§ Given information
==================================================

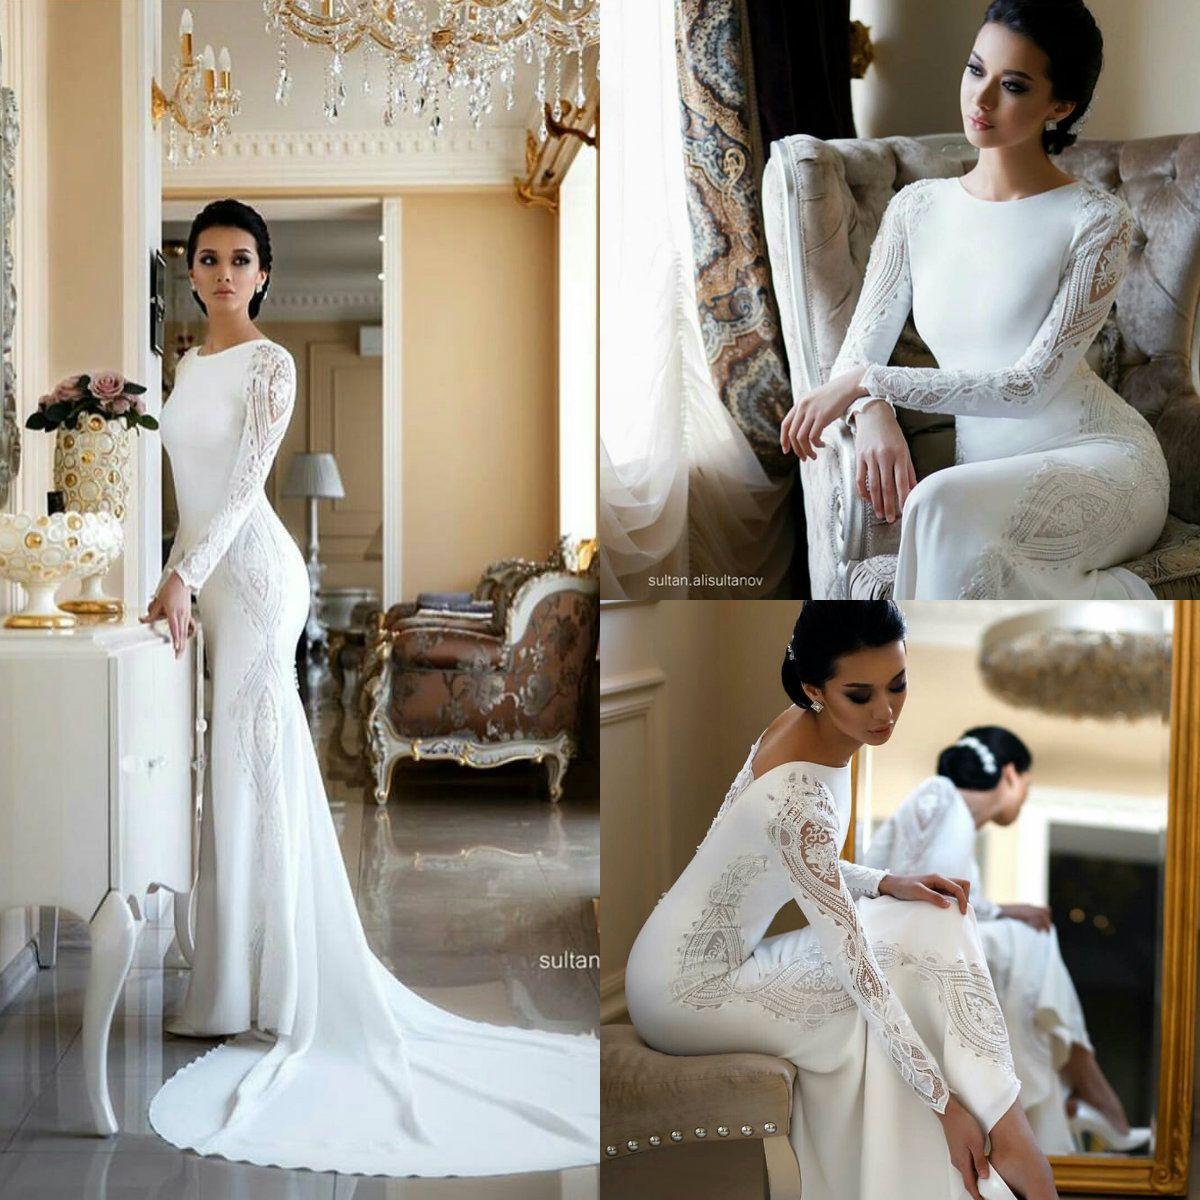 2019 Modest Mermaid Wedding Dresses Lace Appliqued frisada Berta Trem da varredura Boho do vestido de casamento vestidos de noiva Plus Size mangas ABITI da sposa
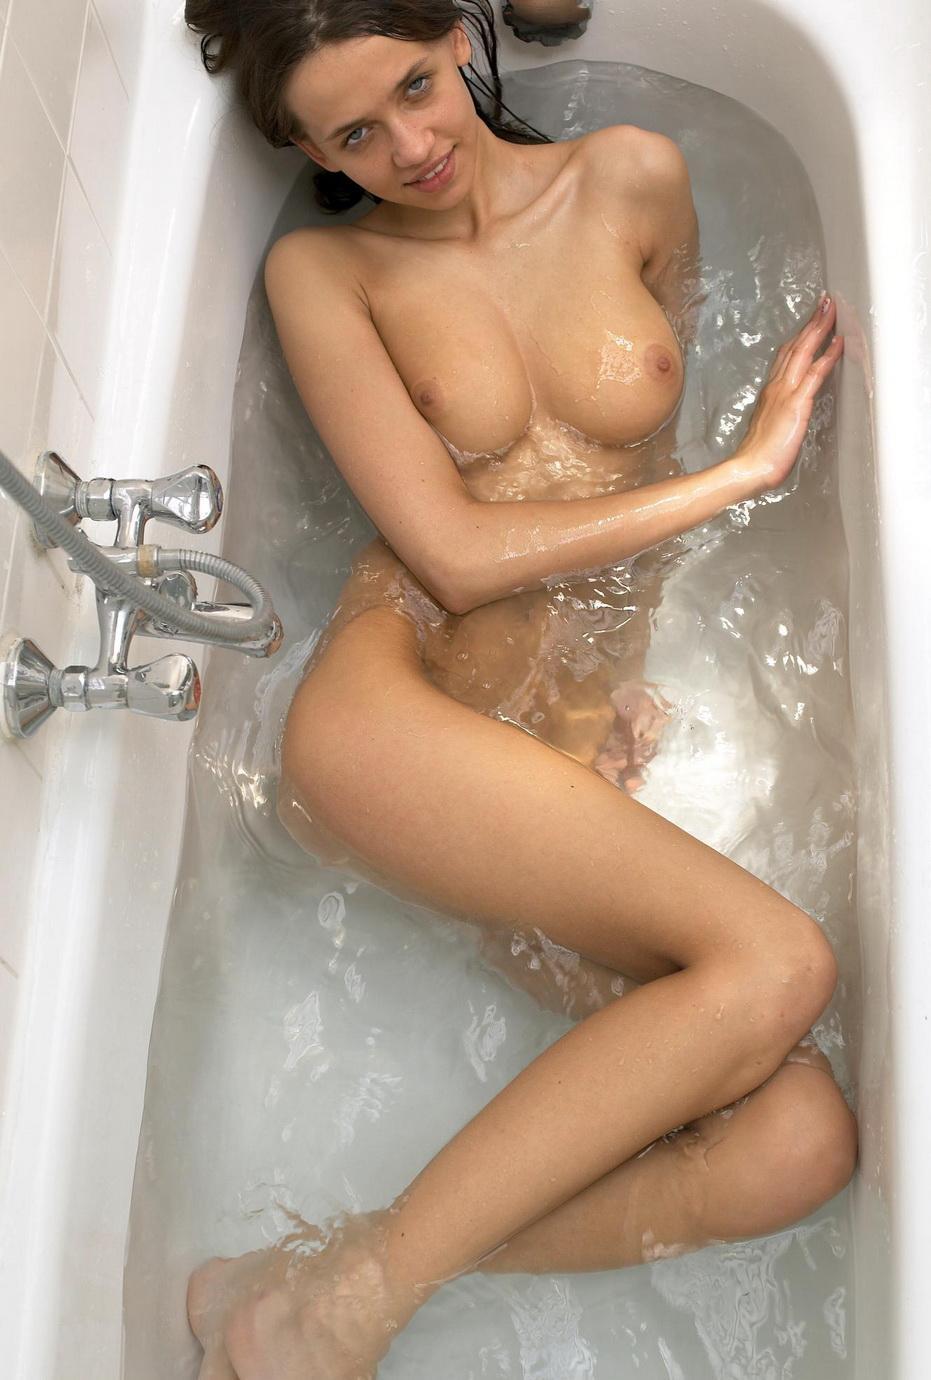 nude-girl-in-bath-07
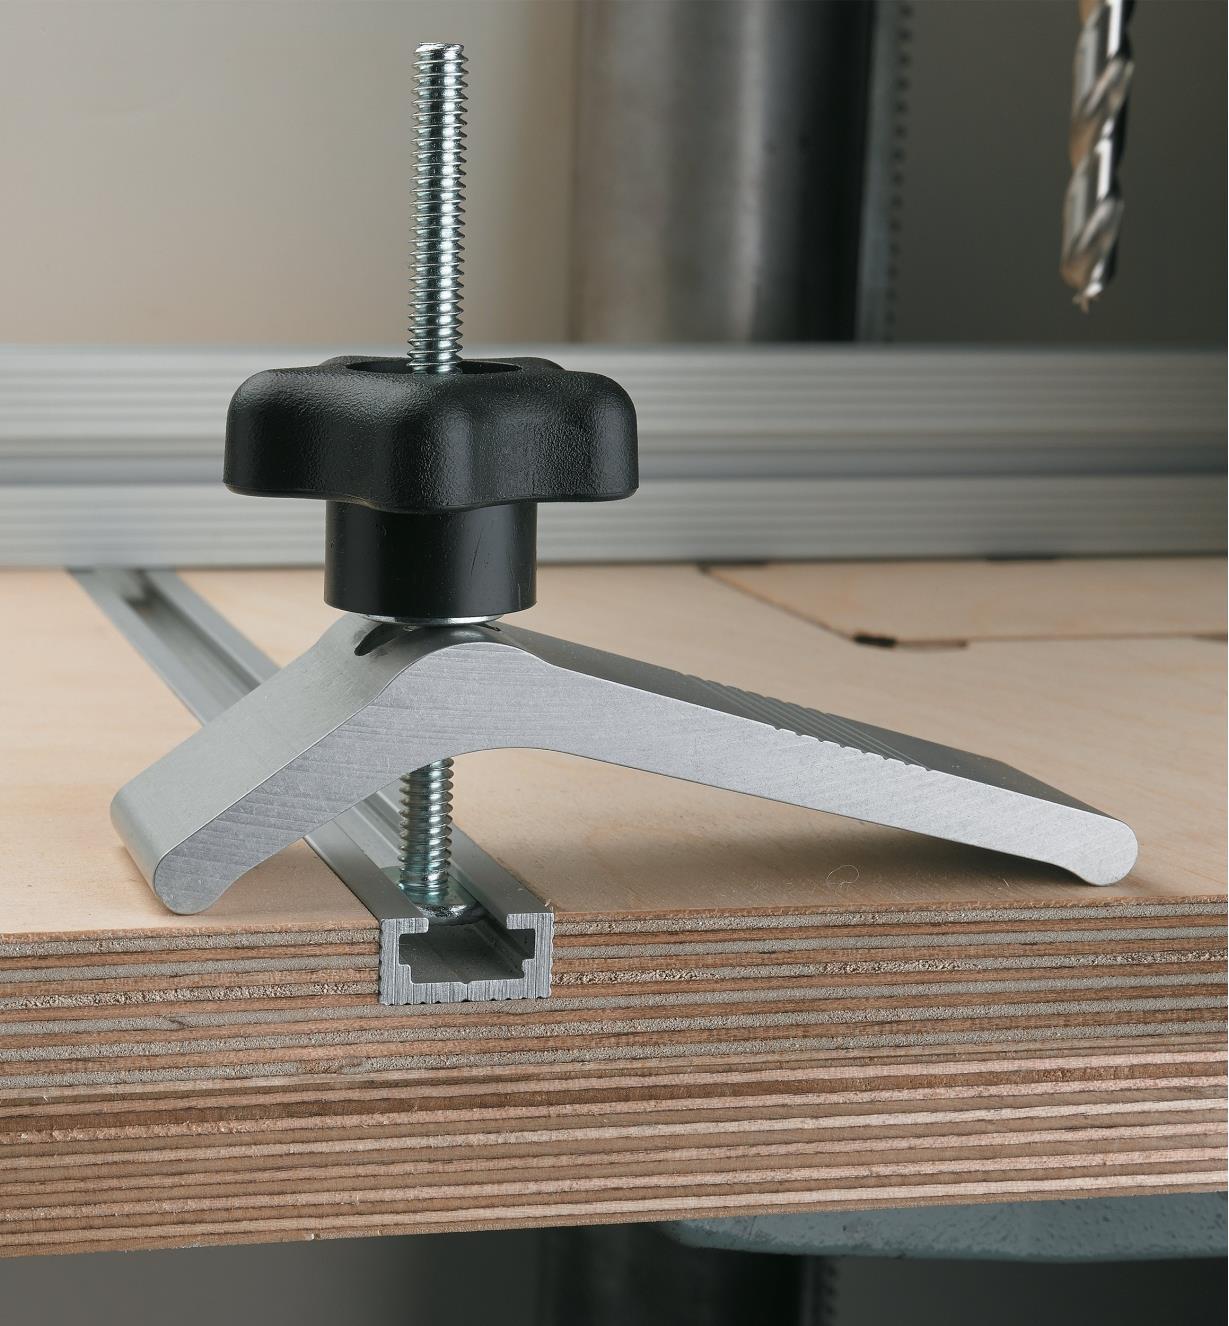 T slot rails for jigs

==================================================

§ Exercise directions
Repeat the data above word for word, without pictures.

§ Solution for this exercise
 2019 Modest Mermaid Wedding Dresses Lace Appliqued frisada Berta Trem da varredura Boho do vestido de casamento vestidos de noiva Plus Size mangas ABITI da sposa
 nude-girl-in-bath-07
 T slot rails for jigs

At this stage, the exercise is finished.